Taugen nichts in der Brandung aber vom Boot aus wurde schon der eine oder andere Fisch damit überlistet. Obwohl gaaaanz vereinzelt auch in der Brandung mal ein Fisch damit gefangen wurde. Ist aber keine Alternative zu Wattwürmern oder Ringlern.


----------



## Kochtoppangler (6. Juni 2006)

*AW: berkley gulp wattwurm 15cm taugt das was????*

Außerdem sind die Dinger doch um einiges teurer als echte Wattis ...

Wenn du ne günstige alternative suchst nimm lieber Herings oder Makrelenfetzen , da fängst sogar was mit !


----------



## Neffifisch (7. Juni 2006)

*AW: berkley gulp wattwurm 15cm taugt das was????*

Hab sie auch mal probiert, vom Schlauchboot aus auf Dorsch anstelle eines Jigs verwendet. War o.k. Der Preis ist aber wirklich zu hoch, vor allem halten sie manchmal auch nicht sehr lange, gehen dann evtl. beim Anbiss entzwei. 
Sind halt praktisch und immer zur Hand. So einPäckchen zum Auspropieren schadet nix. Petri heil mit den Gummiwürmern#h 


Neffifisch


----------



## hd-treiber (7. Juni 2006)

*AW: berkley gulp wattwurm 15cm taugt das was????*

Hatte die Teile mal als Reserve vom Boot als Nachläufer in der Drift.
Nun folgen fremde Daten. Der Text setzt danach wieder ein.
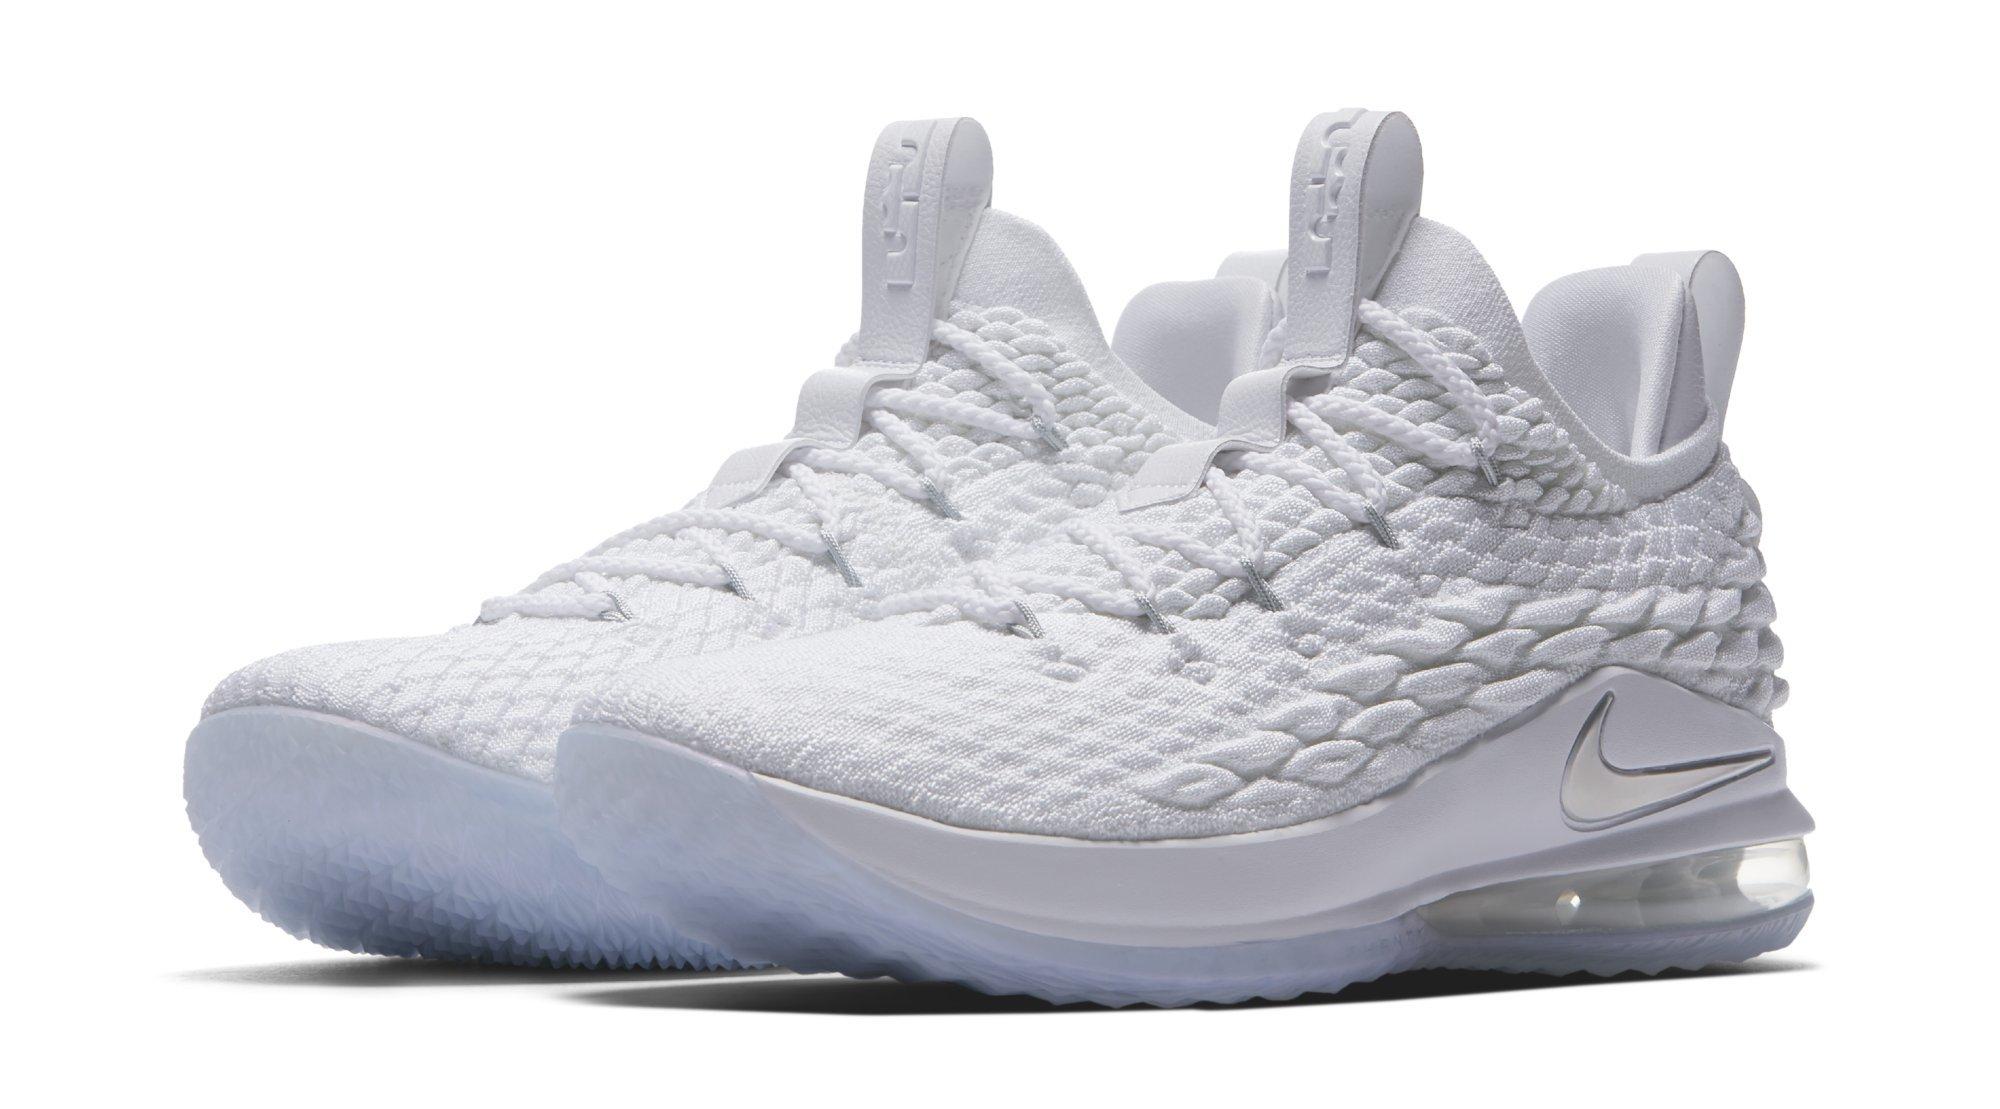 size 40 5d273 79aa2 Nike LeBron 15 Low White Metallic Silver Release Date AO1755 ...
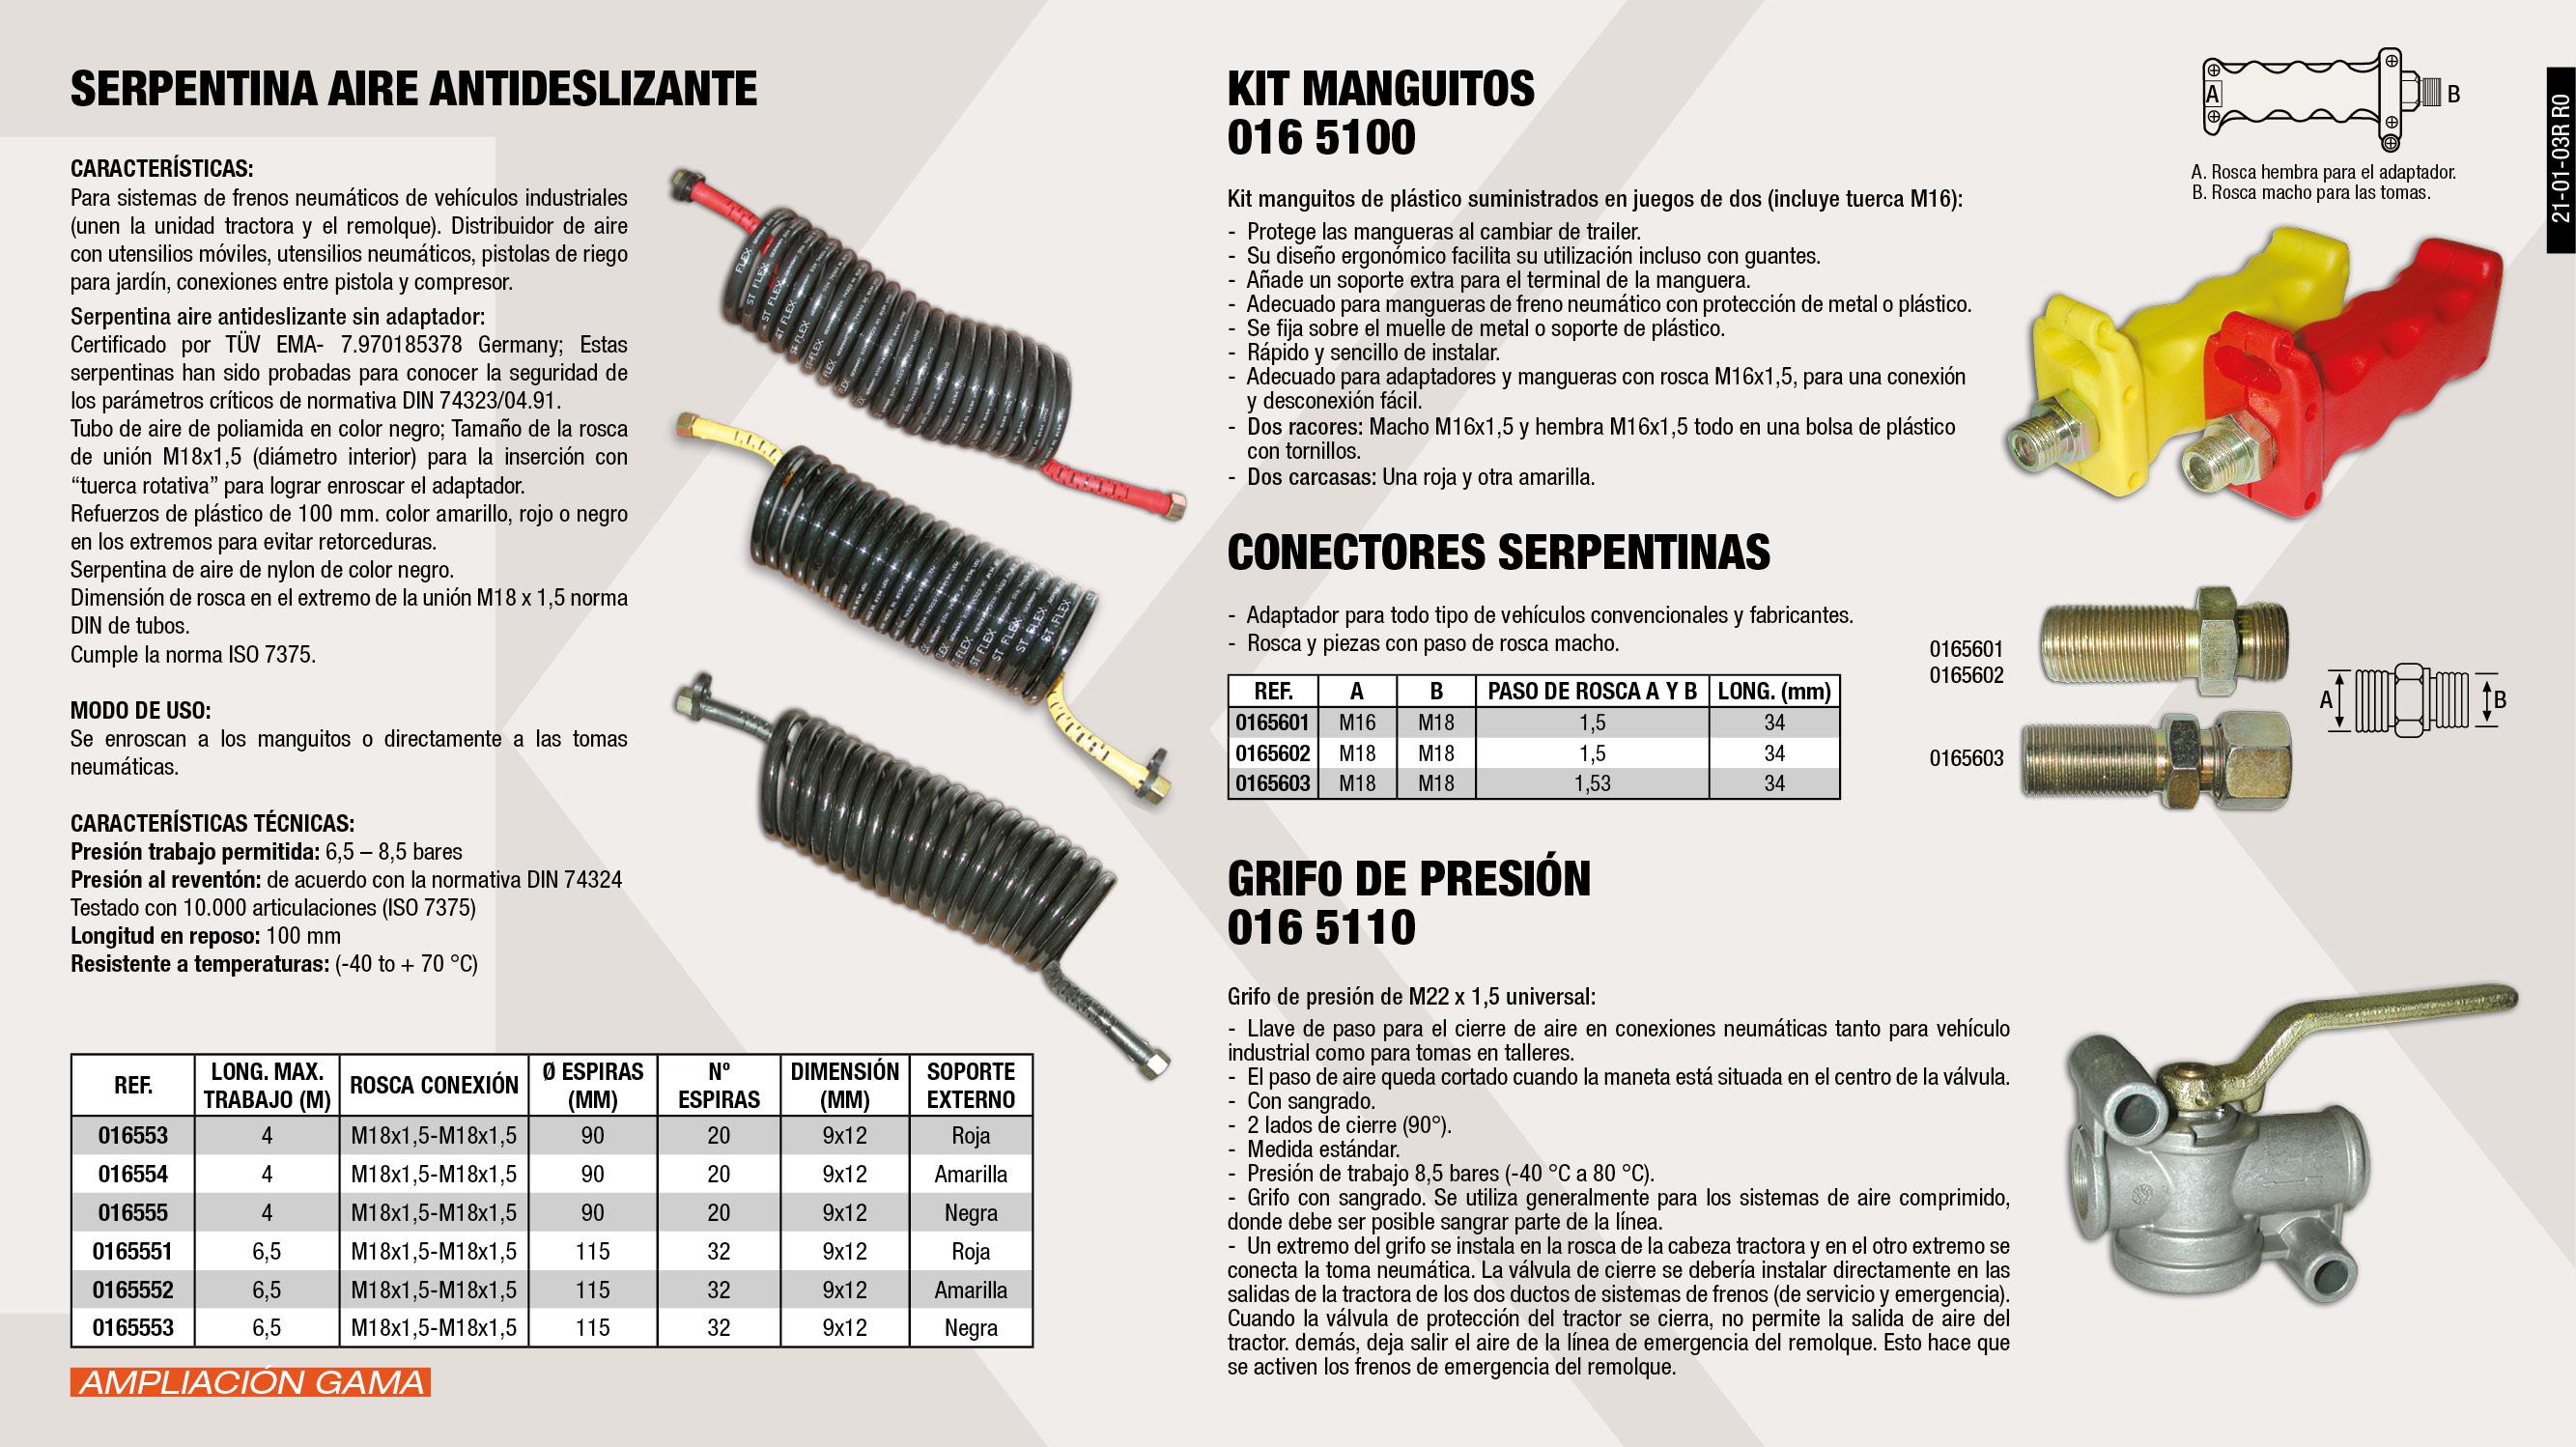 CONECTOR SERPENTINA M16X1,5-M18X1,5 L:34MM                  ,  SERPENTINA AIRE ANTIDESLIZANTE ROJA M18X1,5 6,5MT           ,  SERPENTINA AIRE ANTIDESLIZANTE NEGRA M18X1,5 6,5MT          ,  CONECTOR SERPENTINA M18X1,5-M18X1,5 L:34MM.                 ,  CONECTOR SERP. C/TUERCA M 18X1.5                            ,  SERPENTINA AIRE ANTIDESLIZANTE AMA M18X1,5 6,5MT            ,  GRIFO DE PRESION M22X1,5                                    ,  SERPENTINA AIRE ANTIDESLIZANTE ROJA M18X1,5                 ,  SERPENTINA AIRE ANTIDESLIZANTE AM.M18X1,5                   ,  SERPENTINA AIRE ANTIDESLIZANTE NEG.M18X1,5                  ,  KIT MANGUITOS ROJO Y AMARILLO                               ,

War ein Tag, an dem Klieschen wohl auf alles gebissen hätten, was irgendwie fressbar aussah (Auf einen Wattwurm, bzw. den Rest bis zu 3 Fische gefangen)
Nachdem meine Wattis alle waren:c  habe ich die Gulp-Teile probiert, hat auch funktioniert, man hat die Platten genau gemerkt an der Angel, es gab nur Probleme mit dem ausholen, da die Gulps einfach zu groß und steif waren.

Grundsätzlich würde ich zu Berkley Gulp Wattwürmern sagen, in der Drift als Nachläufer, also in der Bewegung als Reserve ok (bevor man aufhören müsste). Probleme könnte es bloss mit der Größe geben. (Keine Ahnung, ob es auch verschiedene Größen gibt?)
Vom Land in der Brandung oder Brücke eher nicht fängig.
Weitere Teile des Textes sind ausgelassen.